**DIRECTIONS FOR THIS TASK**
In duplicating the lines below, keep every word unchanged and drop the pictures.

**SOURCE DATA**

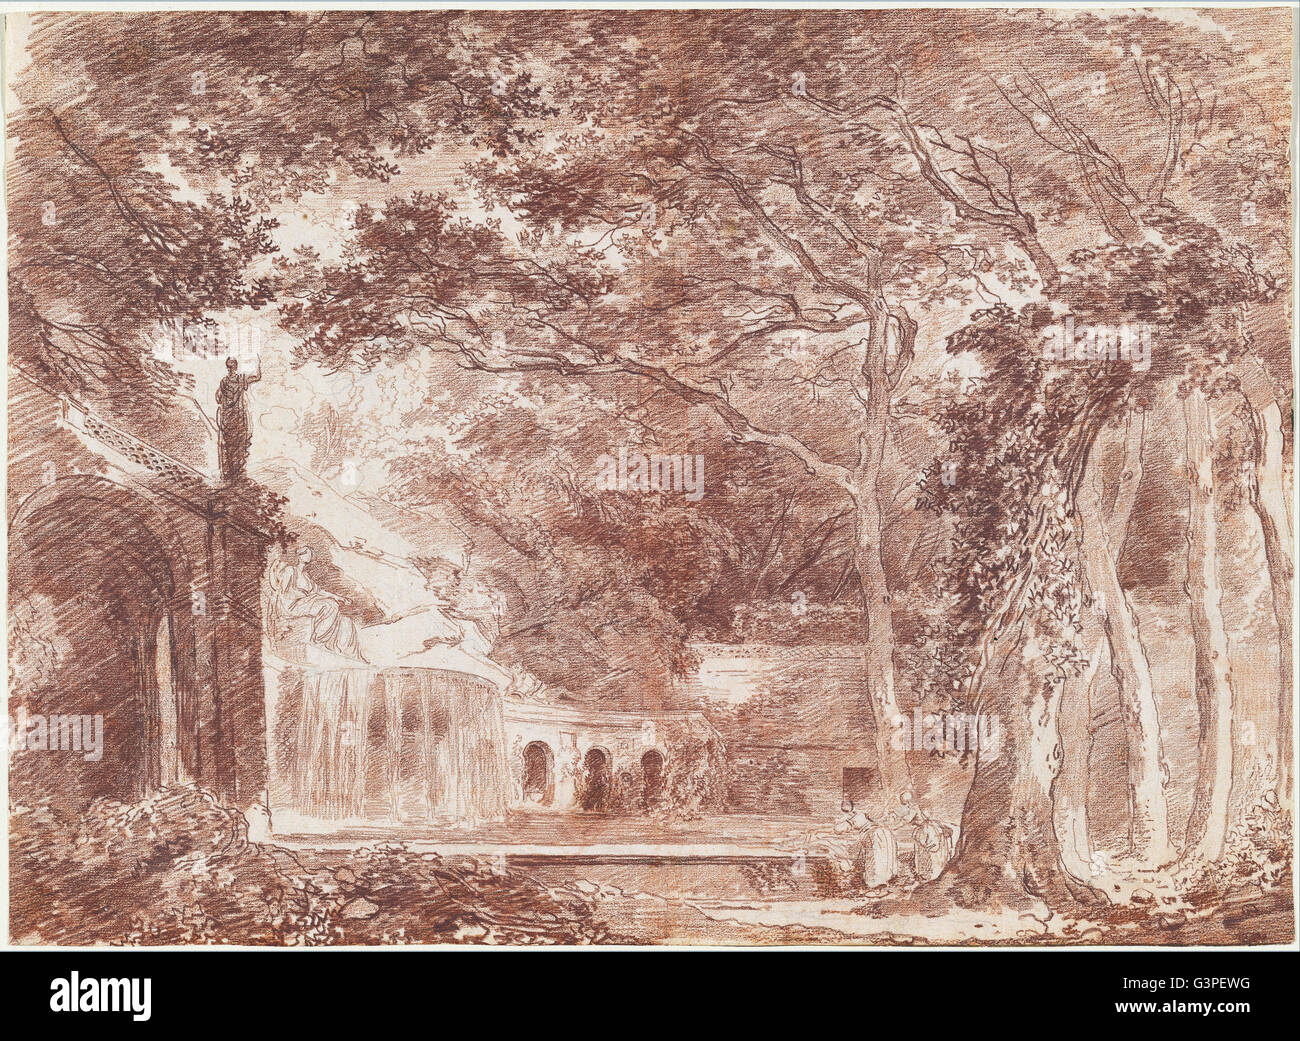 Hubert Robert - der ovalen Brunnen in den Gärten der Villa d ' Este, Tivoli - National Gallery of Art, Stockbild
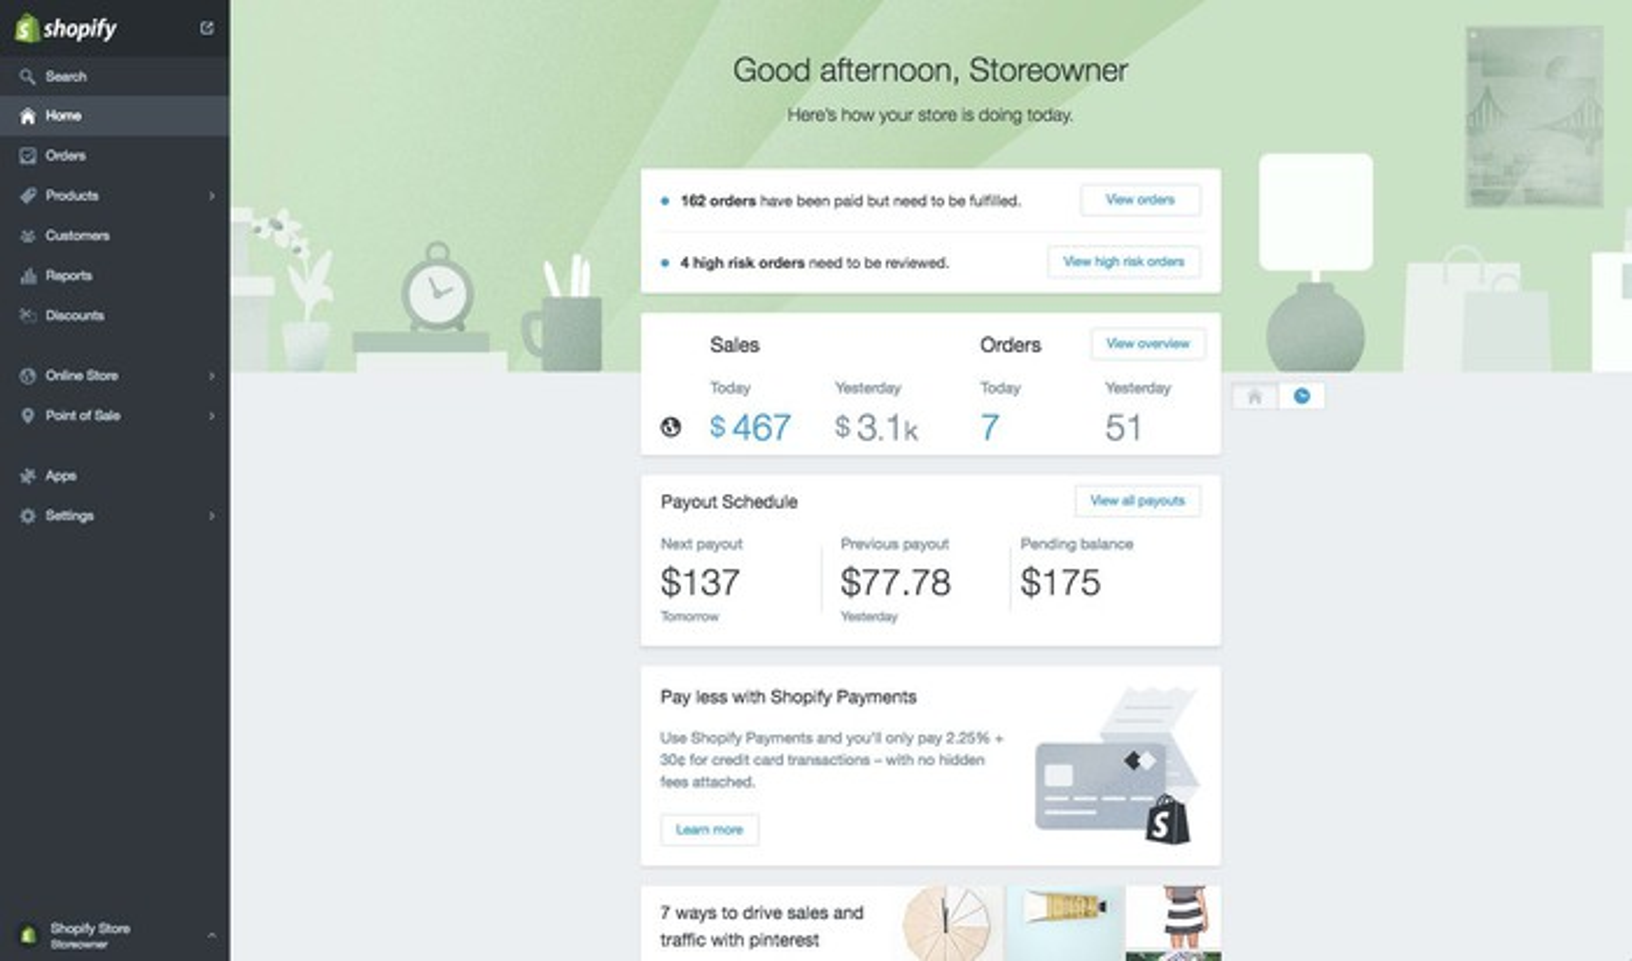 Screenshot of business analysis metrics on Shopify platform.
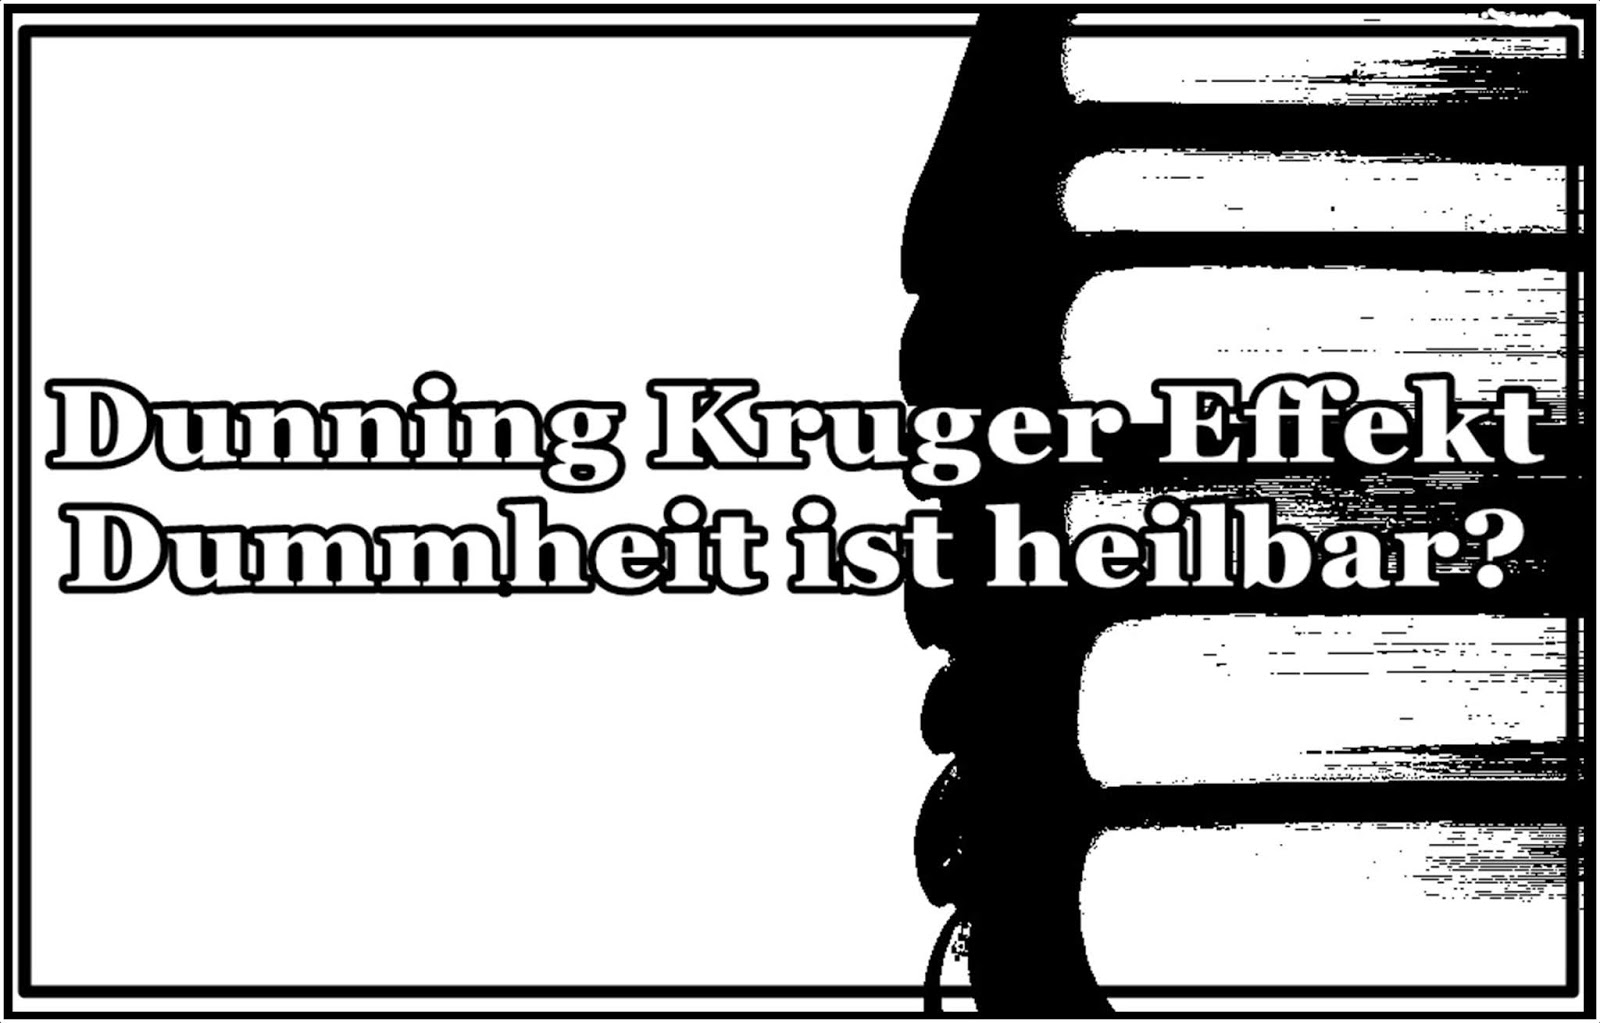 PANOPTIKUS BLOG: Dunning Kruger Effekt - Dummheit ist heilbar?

**ANSWER BOX**
 Hubert Robert - der ovalen Brunnen in den Gärten der Villa d ' Este, Tivoli - National Gallery of Art, Stockbild
 Screenshot of business analysis metrics on Shopify platform.
 PANOPTIKUS BLOG: Dunning Kruger Effekt - Dummheit ist heilbar?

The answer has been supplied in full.